### Input data
+++++
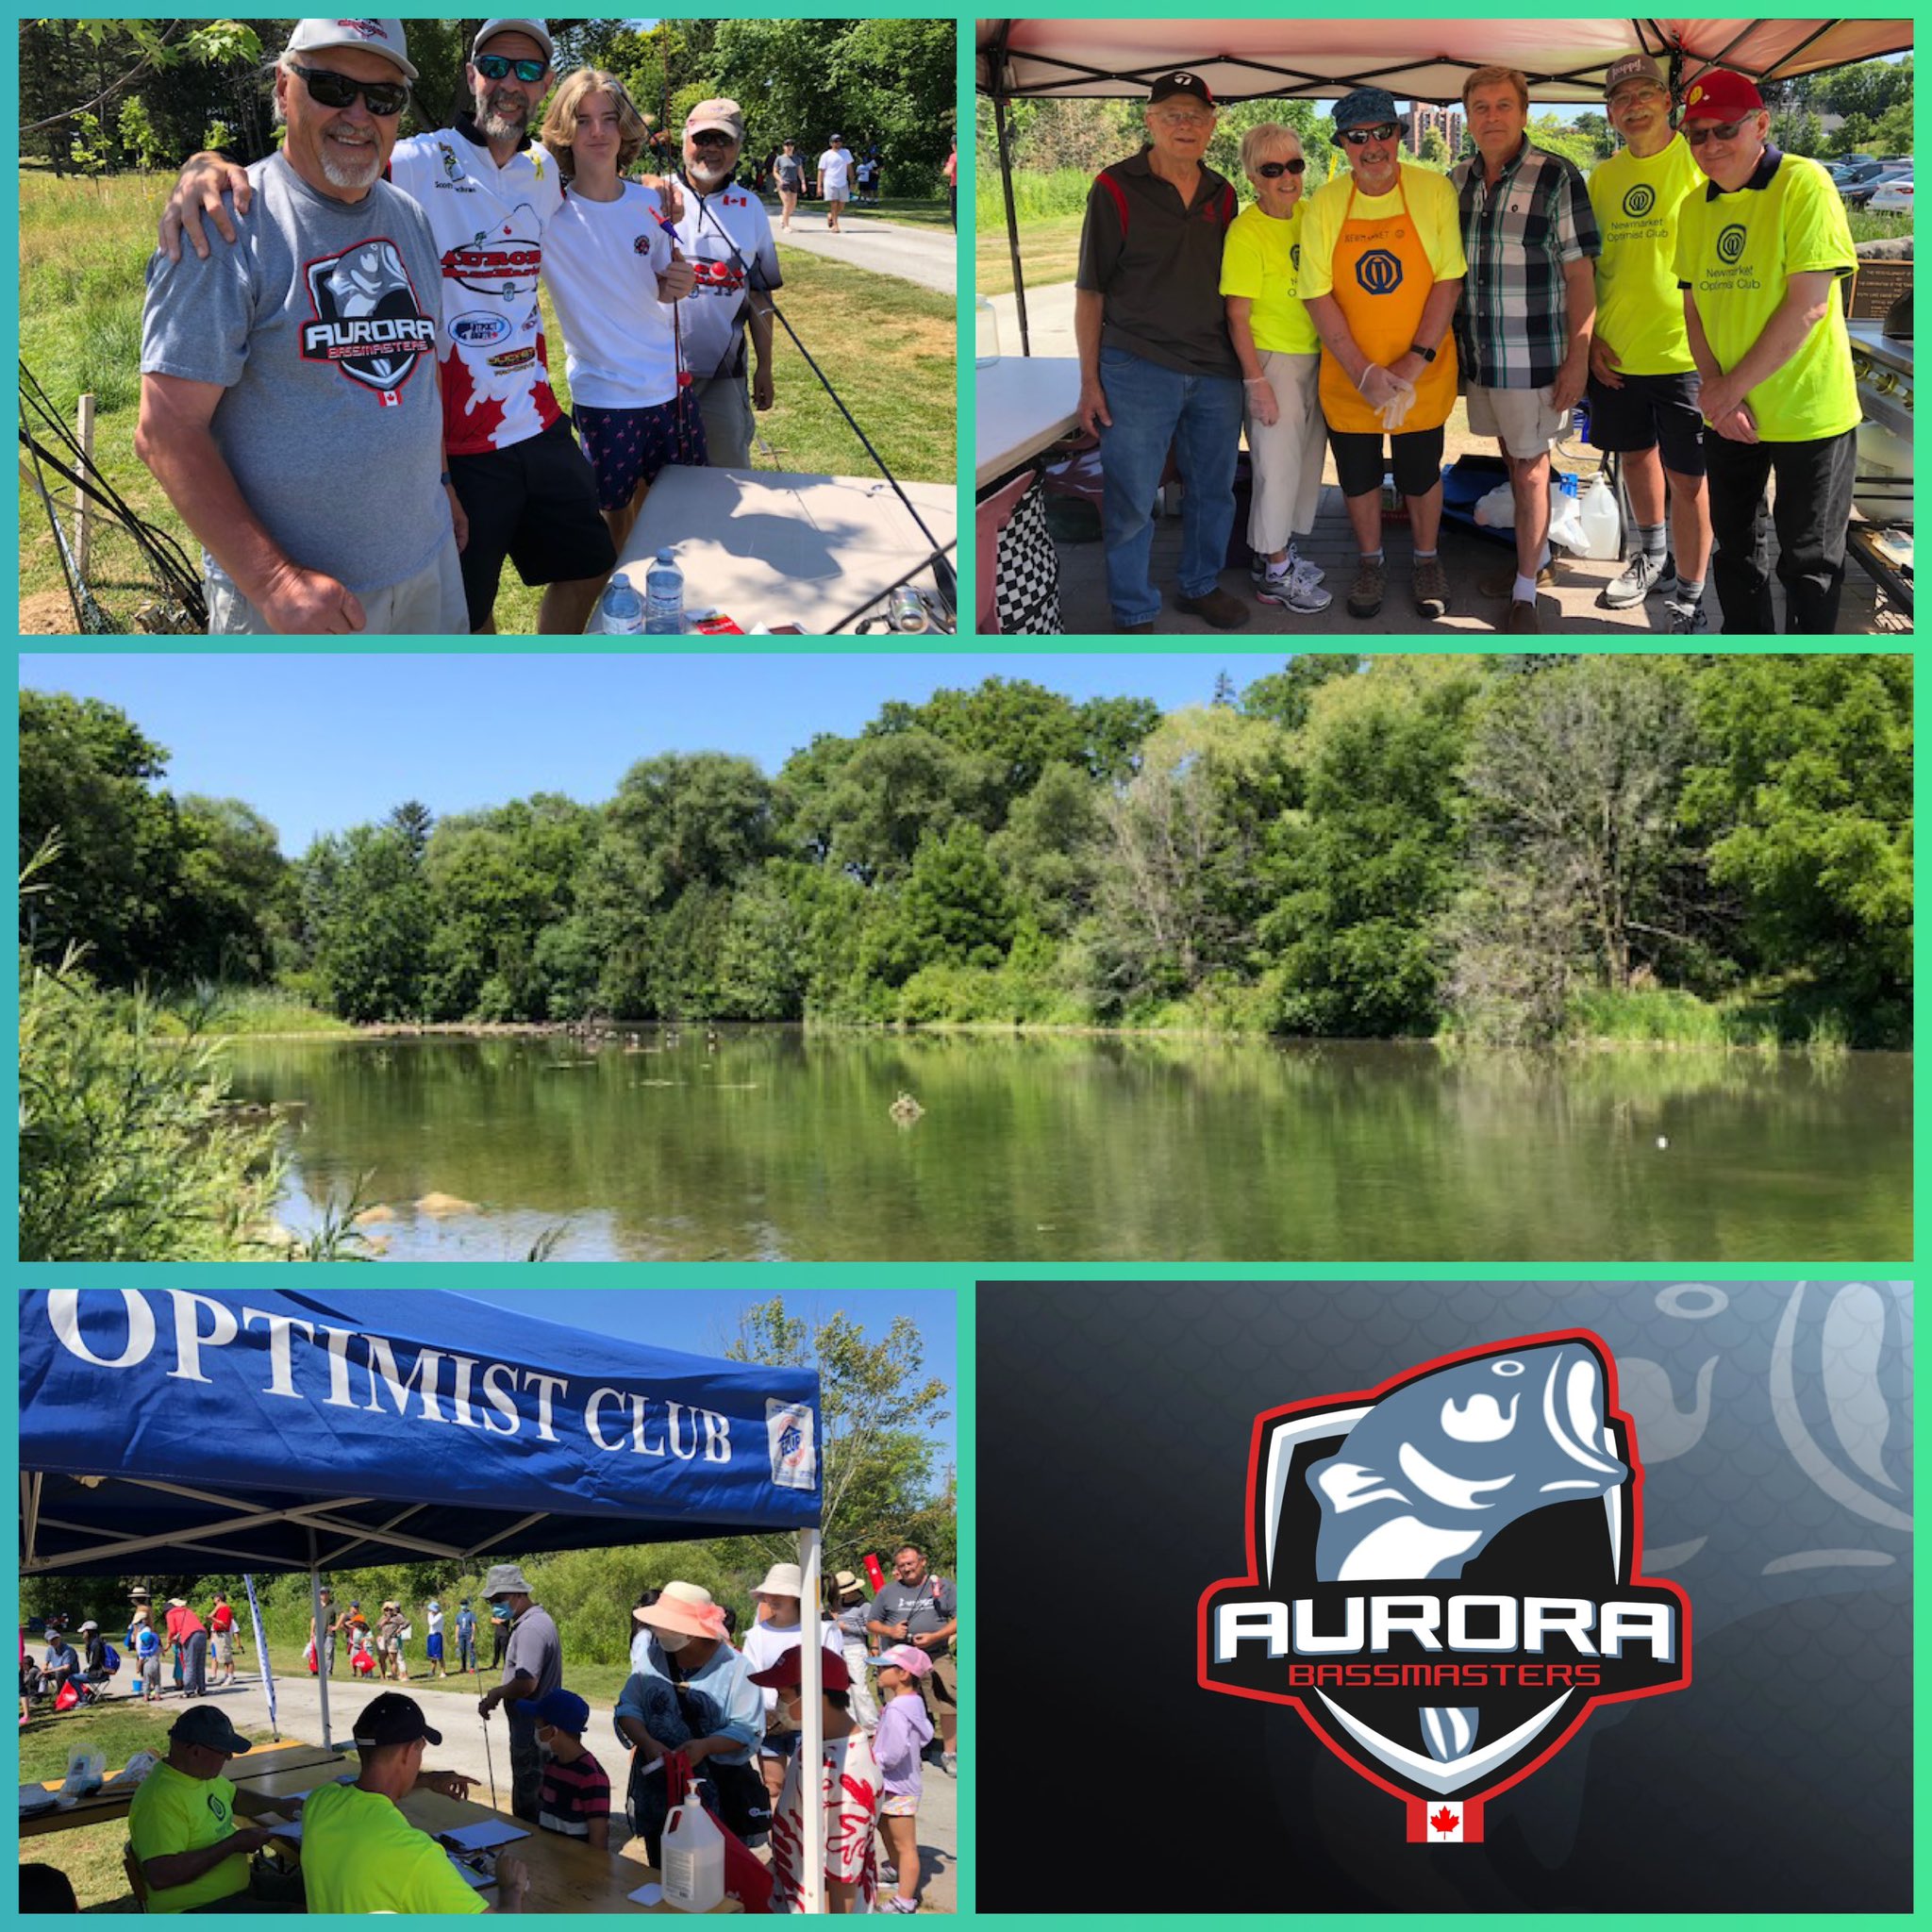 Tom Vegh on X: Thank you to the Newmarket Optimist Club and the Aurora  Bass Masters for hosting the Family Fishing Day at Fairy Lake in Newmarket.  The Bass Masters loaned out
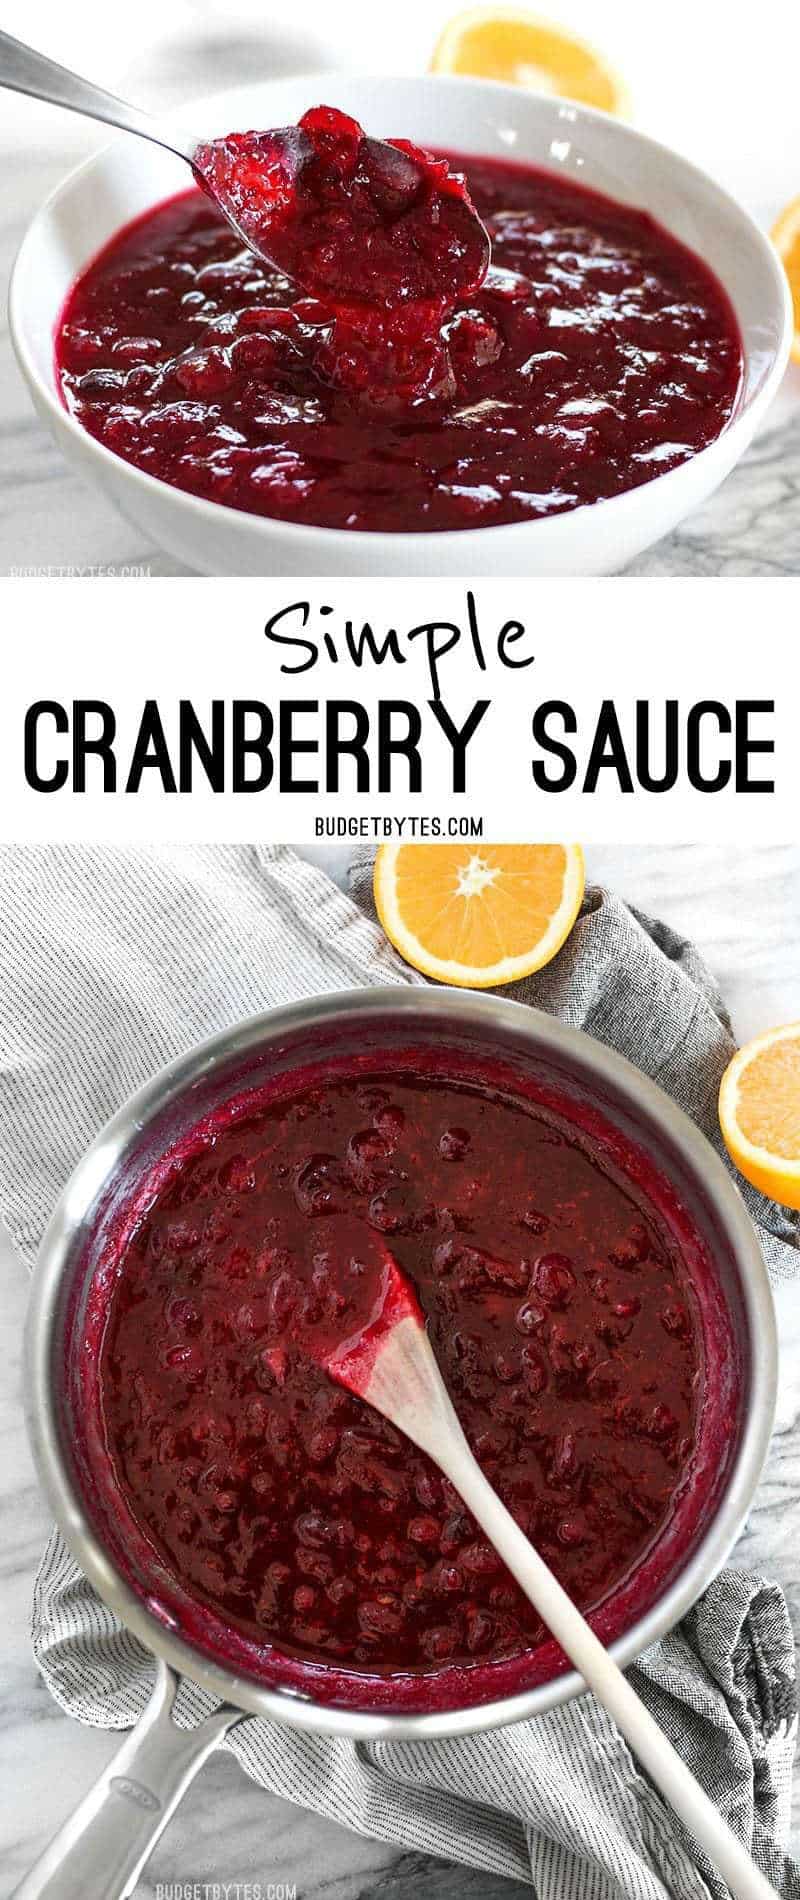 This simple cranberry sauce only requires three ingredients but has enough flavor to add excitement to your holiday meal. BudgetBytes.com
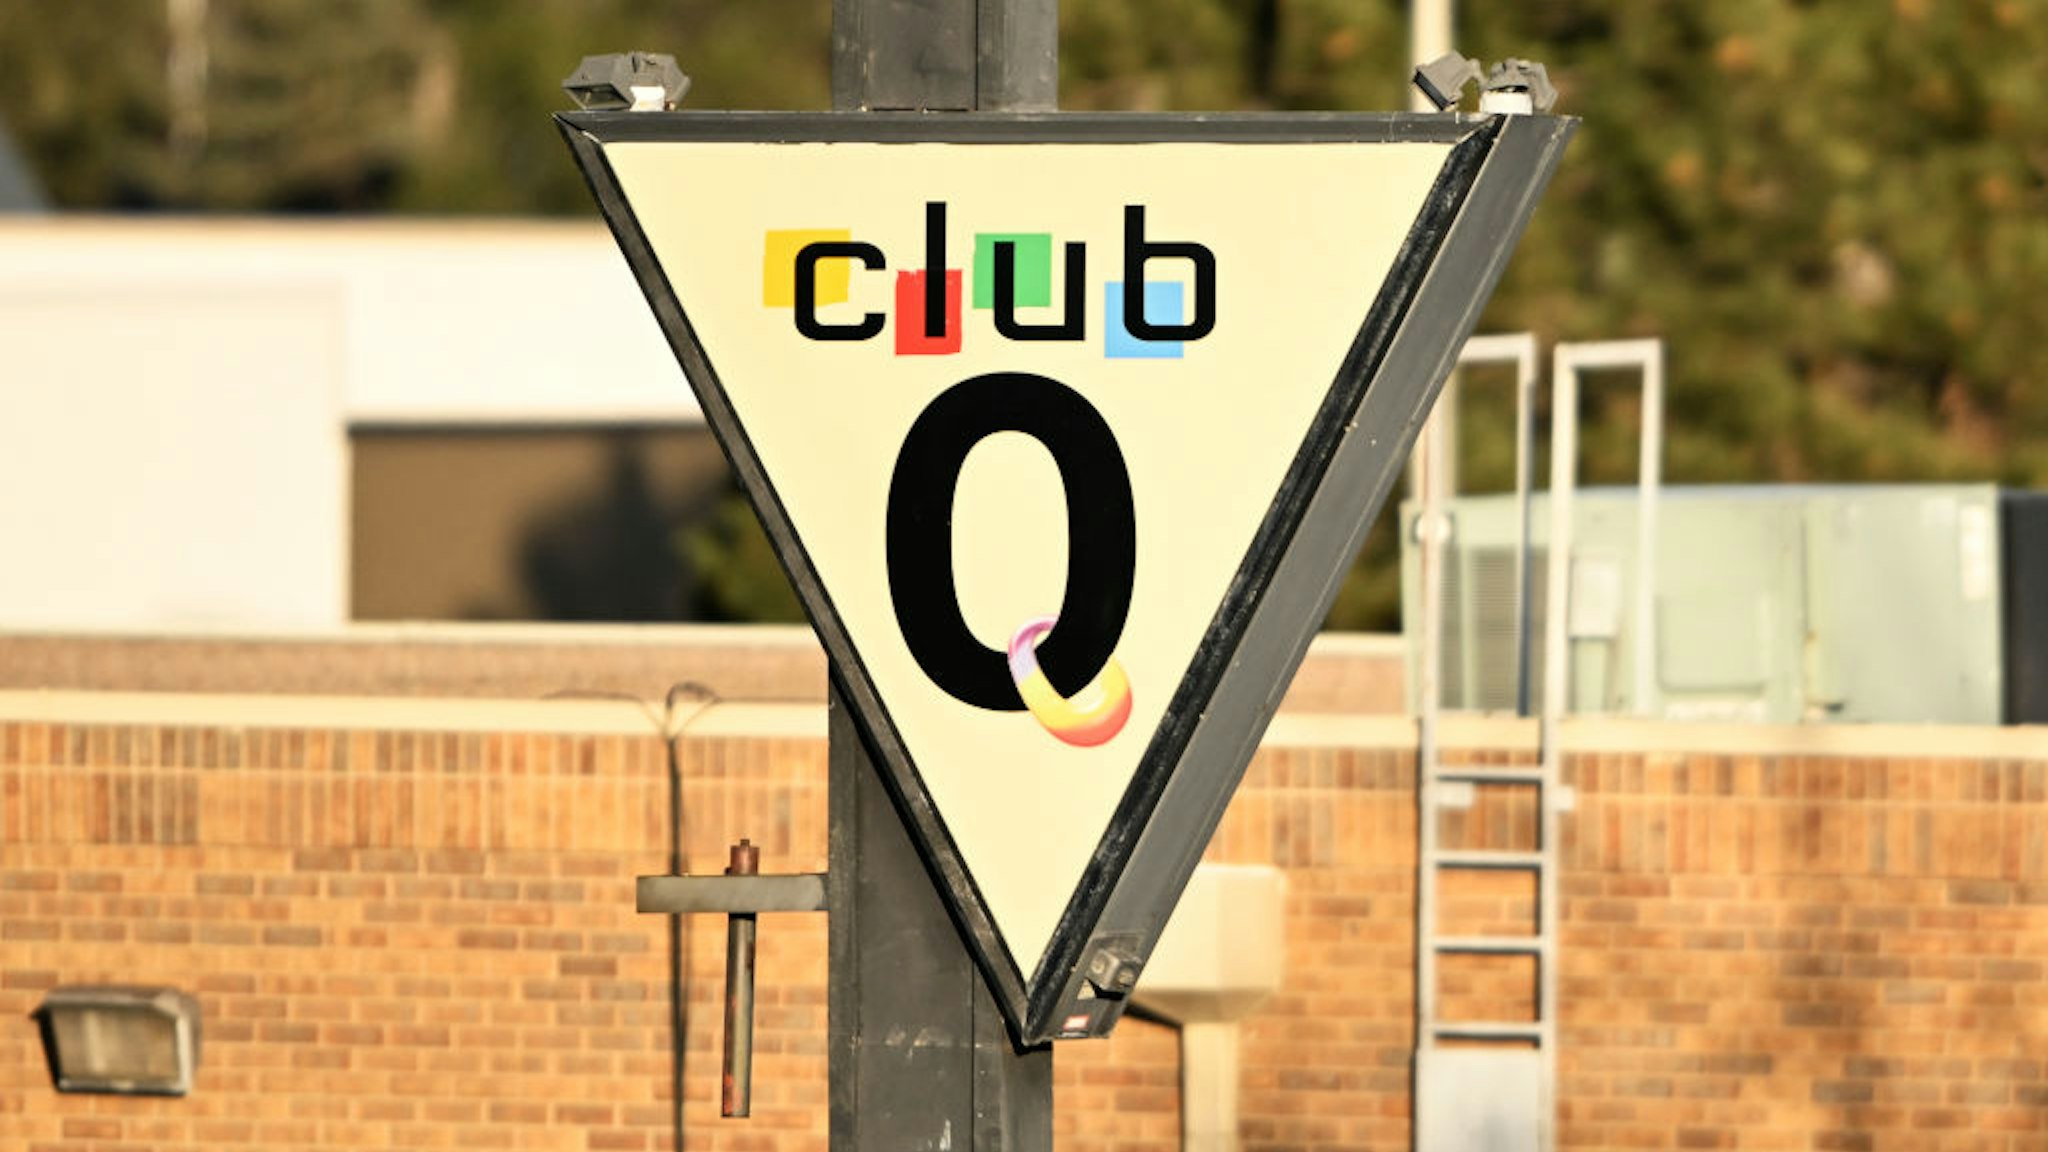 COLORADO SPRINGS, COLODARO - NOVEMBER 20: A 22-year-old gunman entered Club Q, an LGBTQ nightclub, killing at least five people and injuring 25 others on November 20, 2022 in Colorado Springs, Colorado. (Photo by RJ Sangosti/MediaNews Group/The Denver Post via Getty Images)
+++++
### Problem description
All the material above should be written out exactly, with images omitted.

### The completed task
 Tom Vegh on X: Thank you to the Newmarket Optimist Club and the Aurora  Bass Masters for hosting the Family Fishing Day at Fairy Lake in Newmarket.  The Bass Masters loaned out
 This simple cranberry sauce only requires three ingredients but has enough flavor to add excitement to your holiday meal. BudgetBytes.com
 COLORADO SPRINGS, COLODARO - NOVEMBER 20: A 22-year-old gunman entered Club Q, an LGBTQ nightclub, killing at least five people and injuring 25 others on November 20, 2022 in Colorado Springs, Colorado. (Photo by RJ Sangosti/MediaNews Group/The Denver Post via Getty Images)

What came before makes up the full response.